Visualization

postprocessinglib.evaluation.visuals Module

The visual module contains different plotting functions for time series visualization. It allows users to plot hydrographs per station for each stations to allow us visualize the time-series data. These graphs provide a simple and clear way to immeditely identify patterns and discrepancies with model operation. They are also made to very customizable with a lot of options to suit the need of many types of users. Some of them also allow their metrics to be placed beside the plots as shown below:

graphs showing graph types line plot showing metrics

Functions

bounded_plot(lines[, extra_lines, ...])

Plots time-series data with optional confidence bounds.

calculate_volume(flow_df[, use_jday])

Calculate the volume under the flow curve using the trapezoidal rule.

flow_duration_curve([merged_df, sim_df, df, ...])

Generate a Flow Duration Curve (FDC) comparing observed and simulated streamflow.

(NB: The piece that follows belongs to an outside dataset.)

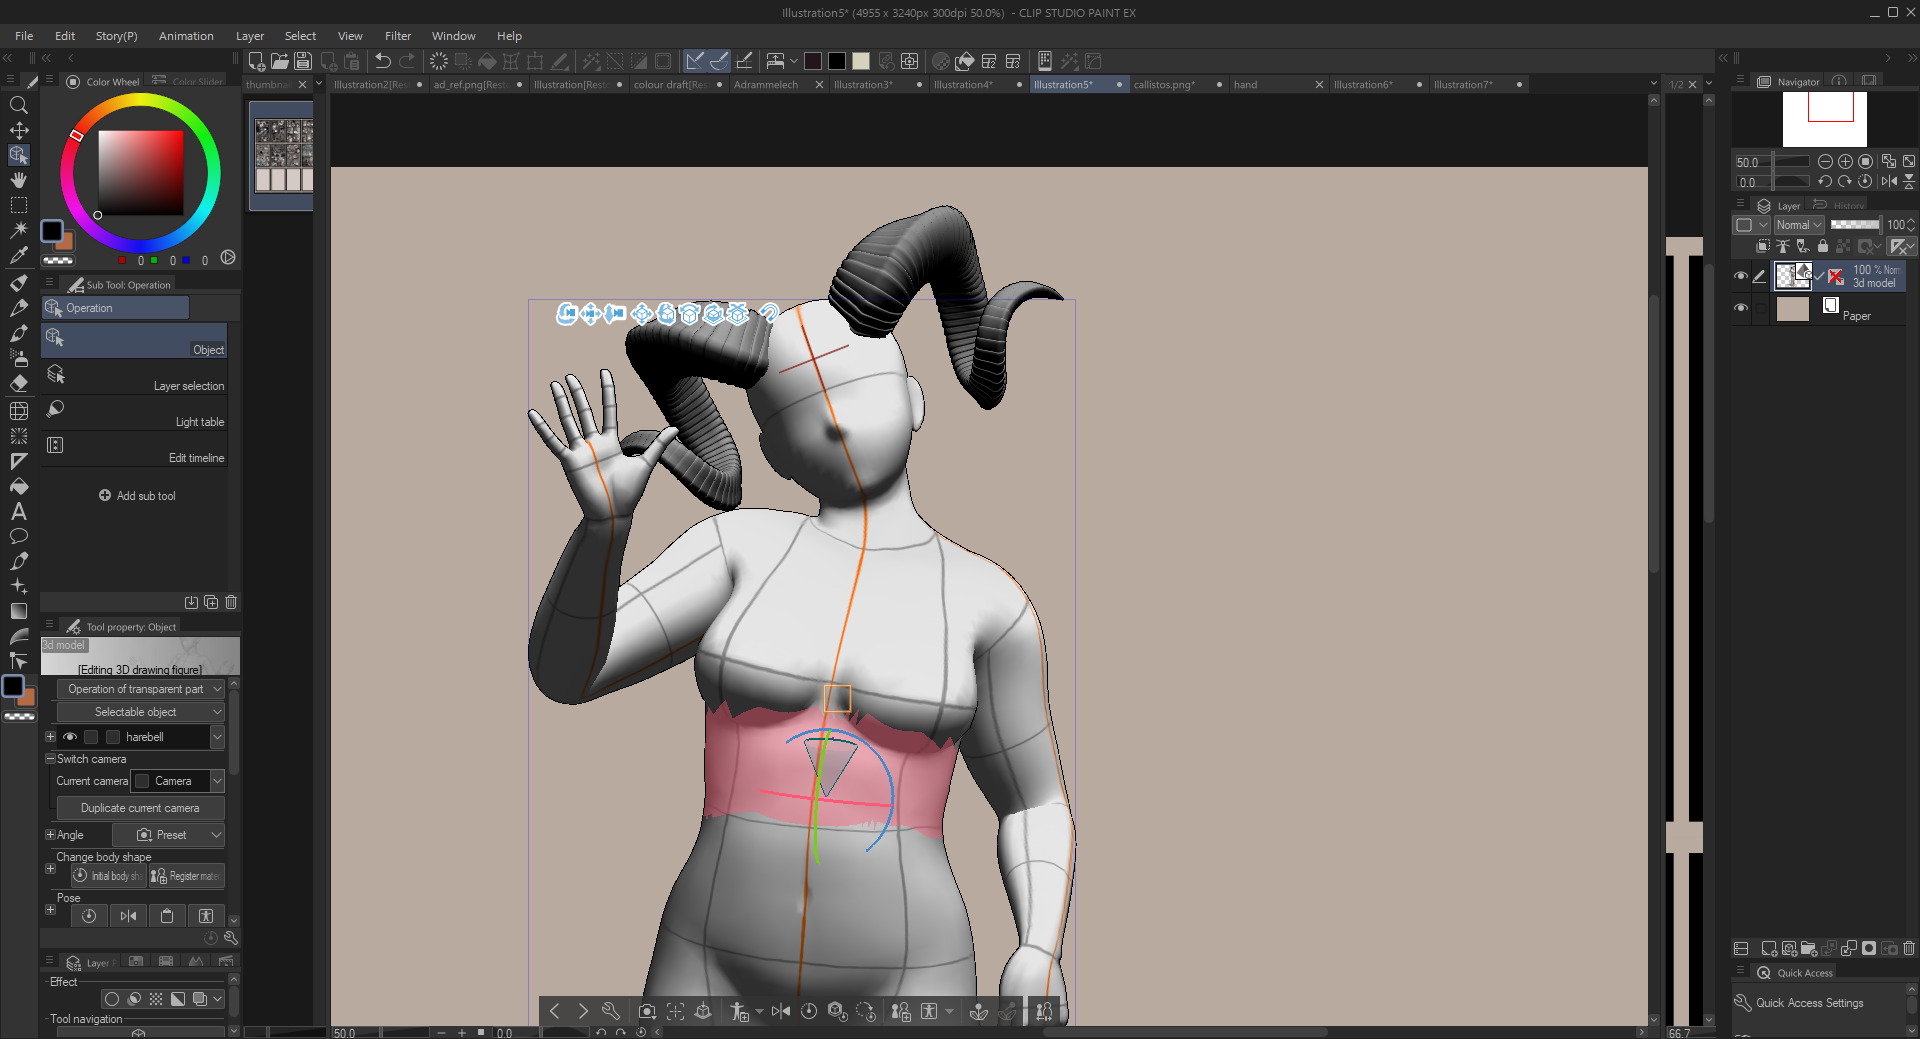 Screenshot of CSP, showing the built in pose model waving at the viewer, with another model of some horns attached to its head.

histogram([merged_df, df, sim_df, bins, ...])

Plots Histogram for Observed and Simulated Data with Optional Normalization

literal_eval(node_or_string)

Evaluate an expression node or a string containing only a Python expression.

plot([merged_df, df, sim_df, step, where, ...])

Create a comparison time series line plot of simulated and optionally, observed time series data

qqplot([grid, minor_grid, title, labels, ...])

Generate a Quantile-Quantile (QQ) plot to compare the statistical distribution of simulated and observed data.

scatter([grid, minor_grid, title, legend, ...])

Creates a scatter plot comparing observed and simulated data, with optional features like best fit lines, 45-degree reference lines, and metric annotations.